EXERCISE DATA START

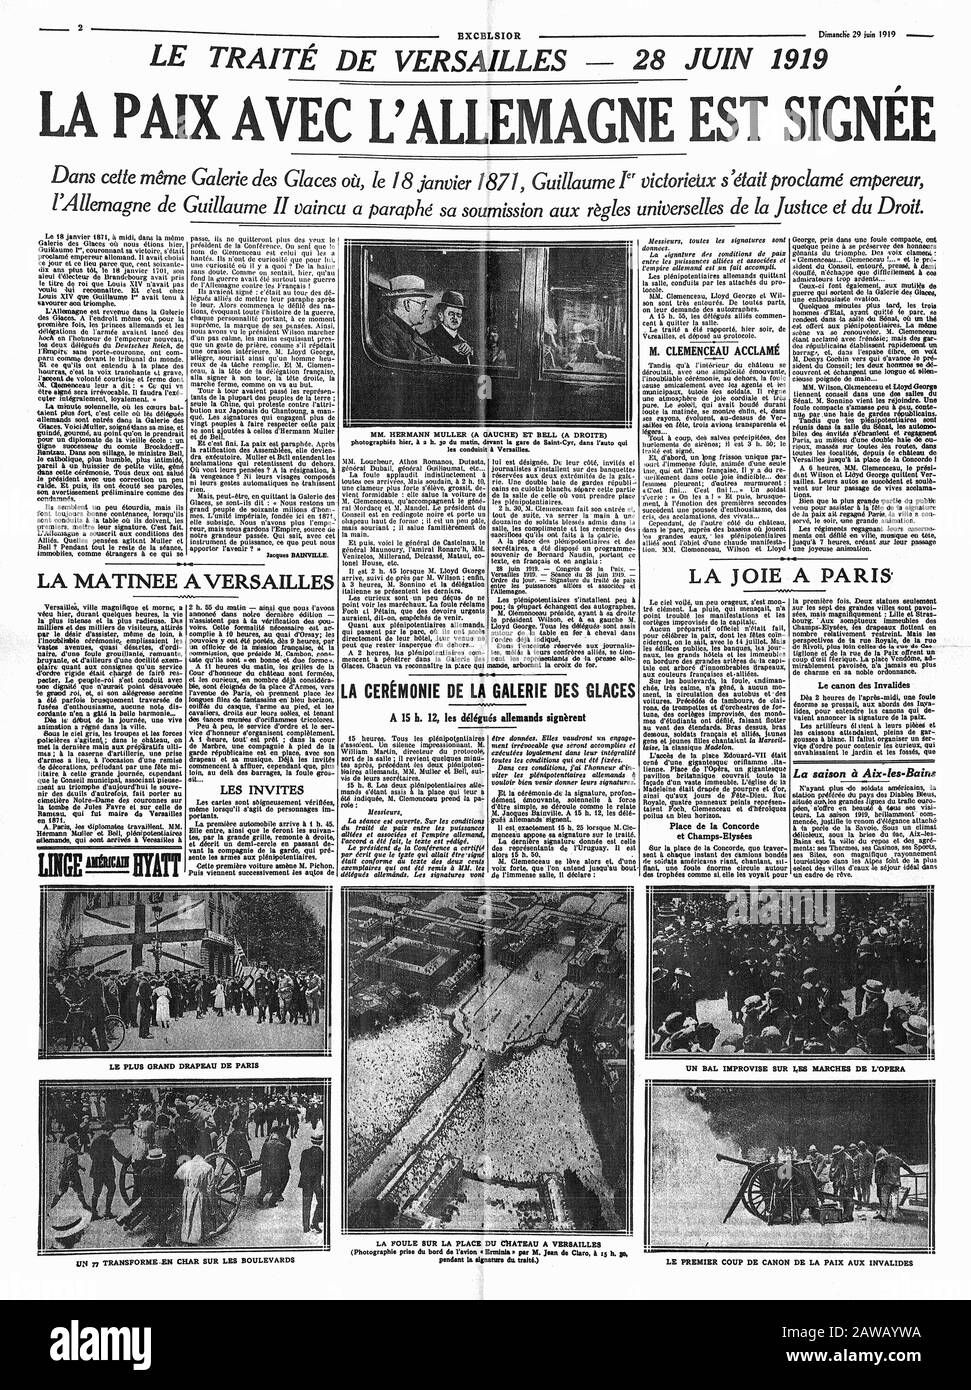 1919 , 29 june , FRANCE : The french newspaper EXCELSIOR with the news on the Treaty of Versailles of 28 June 1919,  at the end of World War I  - ITAL Stock Photo
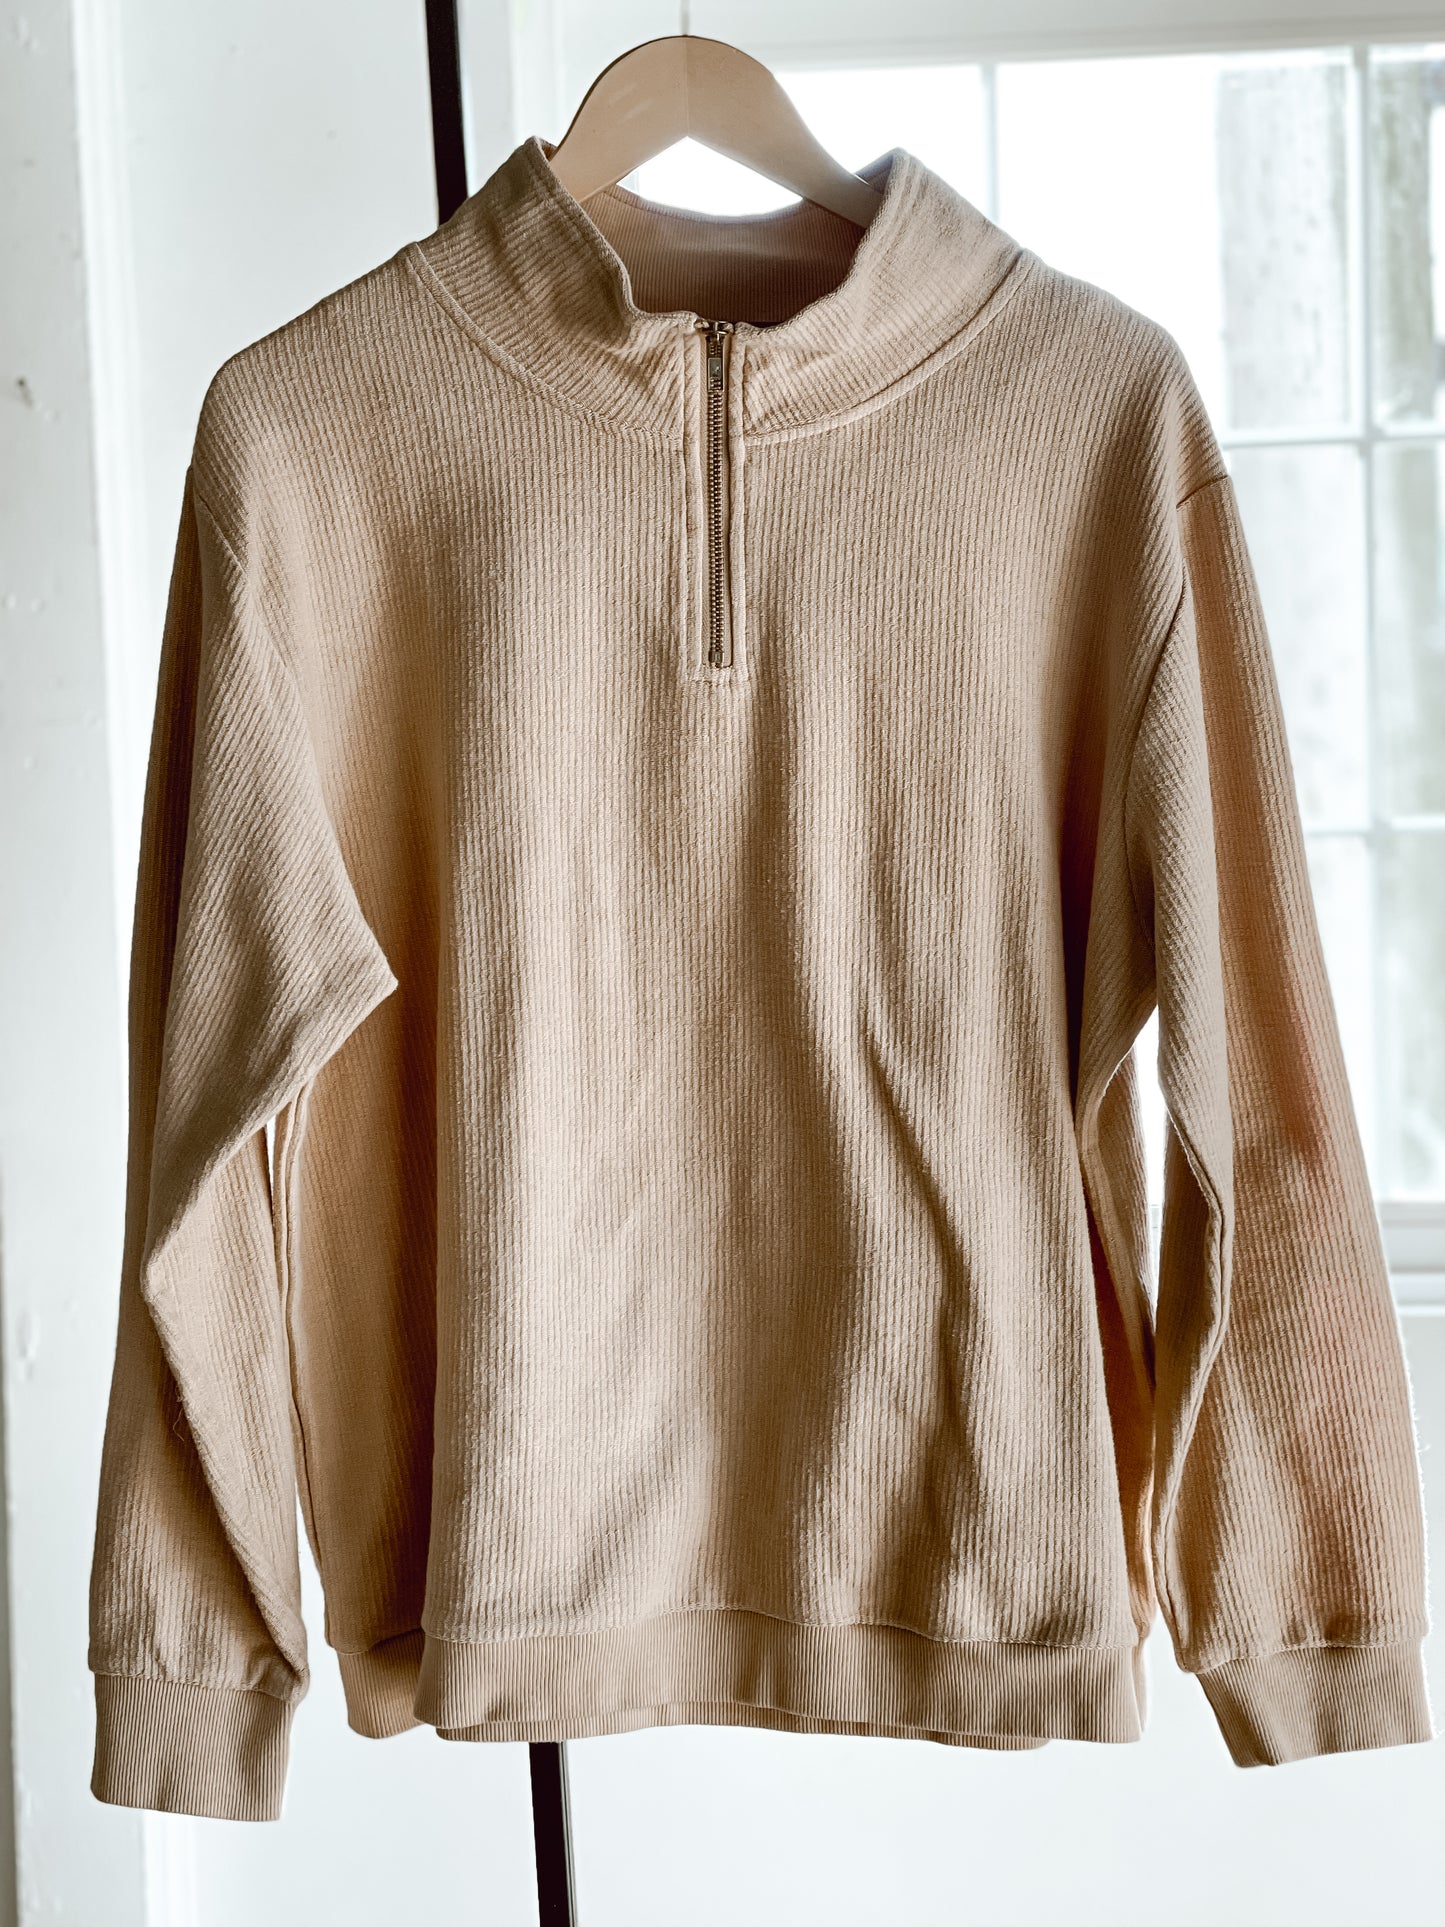 Sweater with quarter length zip
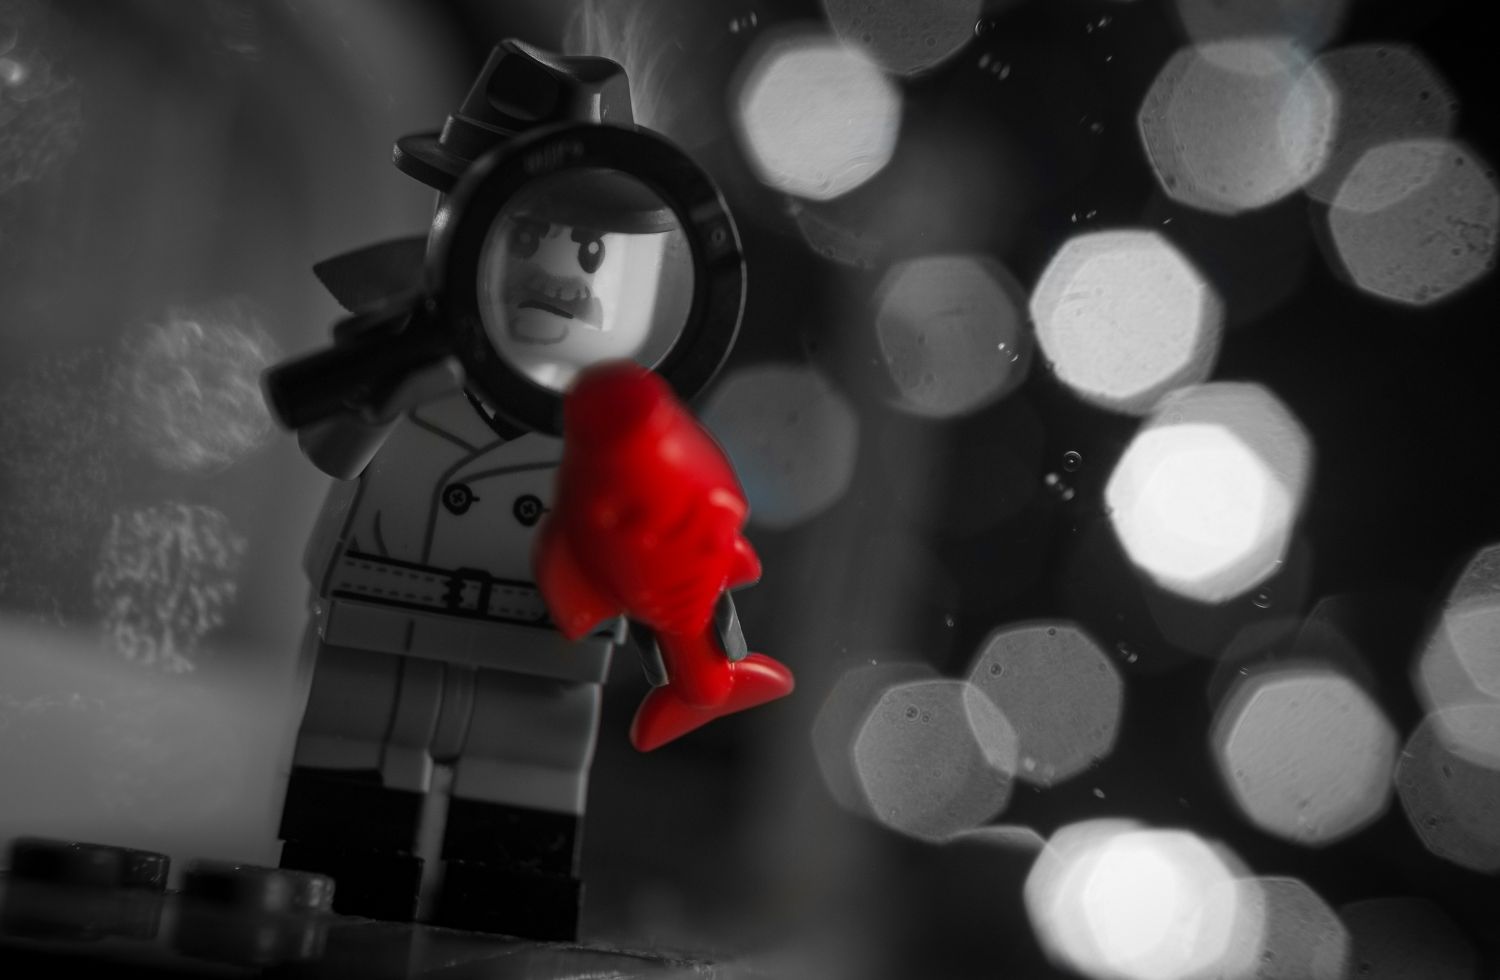 A LEGO noir detective in black and white, holding a red LEGO herring piece.

EXERCISE DATA END

ACTIVITY>
Your copy should hold exactly the lines from the one that contains "Sweater with quarter length zip" through the final line of the data, both ends included, and no pictures.

WRITTEN RESPONSE>
 Sweater with quarter length zip
 A LEGO noir detective in black and white, holding a red LEGO herring piece.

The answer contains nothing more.